2) Writing is important. You take notes on the Sudoku cells to give you clues, e.g., 4 can go into this cell or this cell. These clues eventually lead to constraints and to solutions. Without taking notes, you wouldn't be able to make any progress on hard Sudoku puzzles.

You are all computer scientists.
You know what FINITE AUTOMATA can do.
You know what TURING MACHINES can do.
For example, Finite Automata can add but not multiply.
Turing Machines can compute any computable function.
Turing machines are incredibly more powerful than Finite Automata.
Yet the only difference between a FA and a TM is that
the TM, unlike the FA, has paper and pencil.
Think about it.
It tells you something about the power of writing.
Without writing, you are reduced to a finite automaton.
With writing you have the extraordinary power of a Turing machine.
(From Manuel Blum's advice to graduate students)

Similarly, writing is very important for research. It leads the way for you. You start writing as you start the research work, and before you do the work/experiments. I think I said this many times before, so I will leave this at that. (How I write, How to write your research paper, My advice to graduate students)

3) Perspective is important. In Sudoku, when you are stuck, you change your perspective and look for alternatives, because there is always another easier way to look at the situation and get unstuck.
A change in perspective is worth 80 IQ points.
Alan Kay.

(Again from Manuel Blum's advice to graduate students)
CLAUDE SHANNON once told me that as a kid, he remembered being stuck on a jigsaw puzzle.
His brother, who was passing by, said to him:
"You know: I could tell you something."
That's all his brother said.
Yet that was enough hint to help Claude solve the puzzle.
The great thing about this hint... is that you can always give it to yourself !!!
I advise you, when you're stuck on a hard problem,
to imagine a little birdie or an older version of yourself whispering
"... I could tell you something..." 
I once asked UMESH VAZIRANI how he was able,
as an undergraduate at MIT,
to take 6 courses each and every semester.
He said that he knew he didn't have the time to work out his answers the hard way.
He had to find a shortcut.
You see, Umesh understood that problems often have short clever solutions.
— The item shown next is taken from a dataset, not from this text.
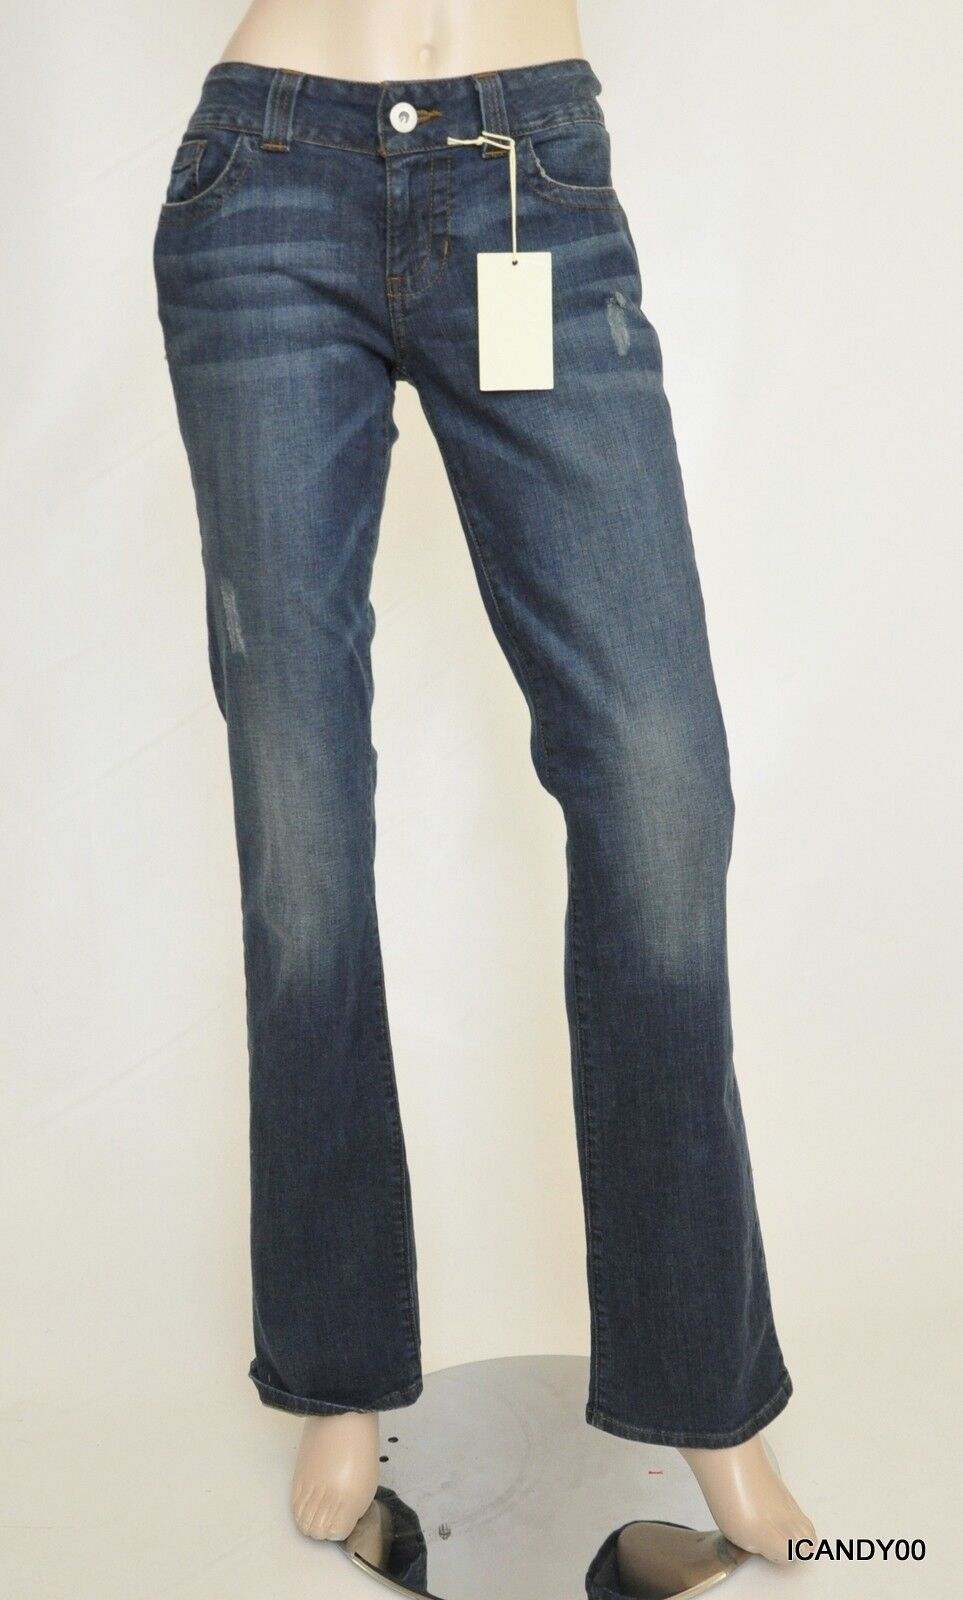 Nwt GUESS Bootcut Slim Fit Low Rise Stretch Jeans Denim Pants Santa Cruz 29 RG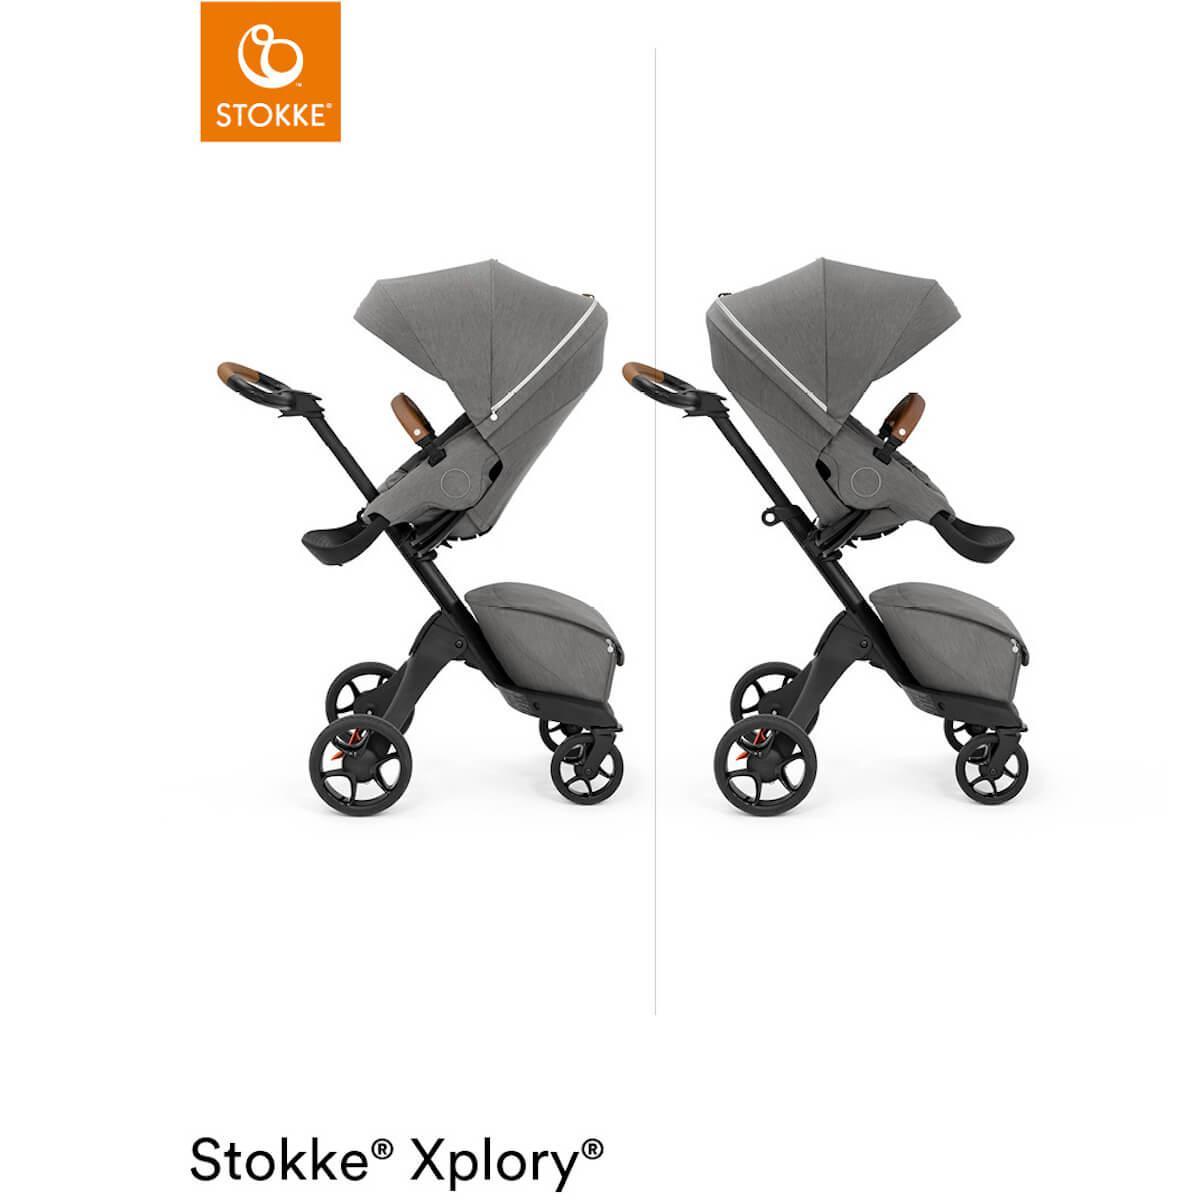 Kinderwagen XPLORY X Stokke Modern Grey

In research, ... yup, you need to learn to change your perspective, and try different point of views.

4) Finally perseverance is important. In Sudoku, you learn patience and perseverance as you consider different things to make some progress. As you put in more time practicing Sudoku puzzles, you start noticing patterns, and you learn to solve those cases faster. You also develop intuition, which makes you get better at sequencing. In research, patience, perseverance, and practice are also essential.
Whatever you do, you got to like doing it....
You got to like it so much that you're willing to think about it, work on it, long after everyone else has moved on.
(Again from Manuel Blum's advice to graduate students)

Heeding my own warning on reverse scooping, I googled for "Sudoku and research" and found this nice post, which has made similar connections.
After doing a few [Sudoku puzzles], it struck me that these puzzles are a good analogy for the way science research is done. Thomas Kuhn in his classic book The Structure of Scientific Revolutions points out that normal scientific research within a paradigm is largely a puzzle solving exercise in which there is an assurance that a solution exists to the problem and that it is only the ingenuity of the scientist that stands between her and a solution. The sudoku problem is like that. We know that a solution of a particular form exists and it is this belief that makes people persevere until they arrive at a solution.

Tuesday, August 12, 2014

Using TLA+ for teaching distributed systems

I am teaching CSE 4/586 Distributed Systems class again this Fall (Fall 2014). This is the course I have most fun teaching. (I would like to think my students also feel that way :-) I teach the course with emphasis on reasoning about the correctness of distributed algorithms. Here are the topics I cover in sequence:

  1. Introduction, Syntax and semantics for distributed programs, predicate calculus
  2. Safety and progress properties
  3. Proof of program properties
  4. Time: logical clocks, State: distributed snapshots
  5. Mutual exclusion, Dining philosophers
  6. Consensus, Paxos
  7. Fault-tolerance, replication, rollback recovery, self-stabilization
  8. Programming support for distributed systems
  9. Data center computing and cloud computing 
  10. CAP theorem and NOSQL systems
  11. Distributed/WAN storage systems

I put emphasis on reasoning about distributed algorithms because concurrency is very tricky; it truly humbles human brain. More than 3 actions in a distributed program and your intuitions will fail, you won't be able to hand-wave and apply operational reasoning on the program. You may think you could, but you would be very wrong (I know from first-hand experience).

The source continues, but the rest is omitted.